Rocky 9 installation

jmcdonal · January 26, 2023, 2:21pm

Hi, I see on the website that there are now installation instructions for Rocky Linux 9 and its mentioned as a supported version but the repo for rocky9 doesn’t exist, e.g.
$ yum list
Open OnDemand Web Repo 864 B/s | 196 B 00:00
Errors during downloading metadata for repository ‘ondemand-web’:

Status code: 404 for https://yum.osc.edu/ondemand/2.0/web/el9/x86_64/repodata/repomd.xml (IP: 192.148.247.165)
Error: Failed to download metadata for repo ‘ondemand-web’: Cannot download repomd.xml: Cannot download repodata/repomd.xml: All mirrors were tried

and the yum repo file :

name=Open OnDemand Web Repo
baseurl=https://yum.osc.edu/ondemand/2.0/web/el$releasever/$basearch/

The URL isn’t valid. Is there a pending release for Rocky 9?
here is an snapshot of the site I’m looking at:

Thanks,
Jeff

travert · January 26, 2023, 2:54pm

Hello and welcome!

If you look in the URL you are hitting the develop branch, which has some features documented that are not quite finished yet, such as the packaging for Rocky 9.

To see the current features that are supported you want to hit the latest version on this url:
https://osc.github.io/ood-documentation/latest/

Sorry for the confusion!

jmcdonal · January 26, 2023, 3:05pm

OK, I took the plunge and moved to Rocky9 so I’m keen to try open ondemand here and I’d be happy to beta or alpha test for you if you like. I have a small hpc cluster and I’m currently using enginframe nice for hpc desktops.

travert · January 26, 2023, 3:07pm

Ok, @tdockendorf or @jeff.ohrstrom would know more about the packaging of that and it’s current state.

jeff.ohrstrom · January 26, 2023, 3:33pm

Yes RHEL/9 is slated for the next release. I can tell by the URL you’re looking at the next release’s documentation.

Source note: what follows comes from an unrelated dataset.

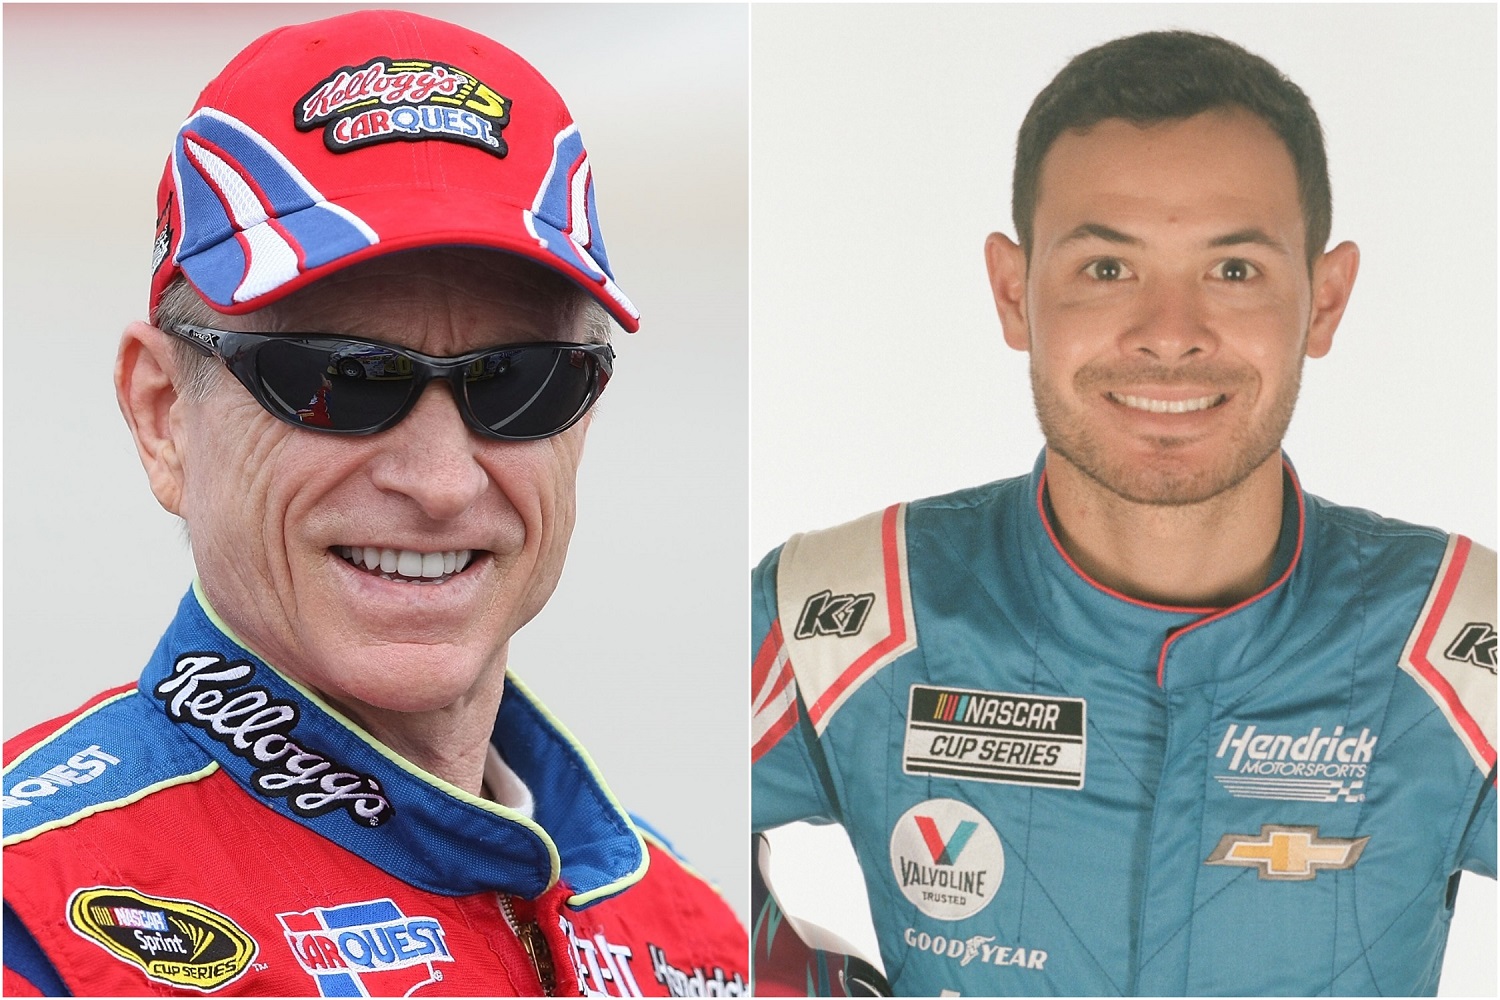 Mark Martin and Kyle Larson have both driven the No. 5 Chevy for Hendrick Motorsports and scored impressive success.

The 2.1 nightlies are mostly stable AFAIK. Here’s how to install the nightly version.

rpm -i https://apt.osc.edu/ondemand/latest/ondemand-release-web-latest-1-7.noarch.rpm
sed /etc/yum.repos.d/ondemand-web.repo -e 's/latest/nightly/g' \
          -e 's/ondemand-web/ondemand-web-nightly/g' > /etc/yum.repos.d/ondemand-nightly-web.repo

# only applicable for RHEL 8 or above.
yum module enable ruby:3.0 nodejs:14
yum install ondemand

jmcdonal · February 6, 2023, 3:38pm

Hi Jeff,
Thanks, I have the system working now. I have version 2.1.1-1 installed and I’m able to generate a desktop connection app where the default configuration is submitted to my slurm cluster.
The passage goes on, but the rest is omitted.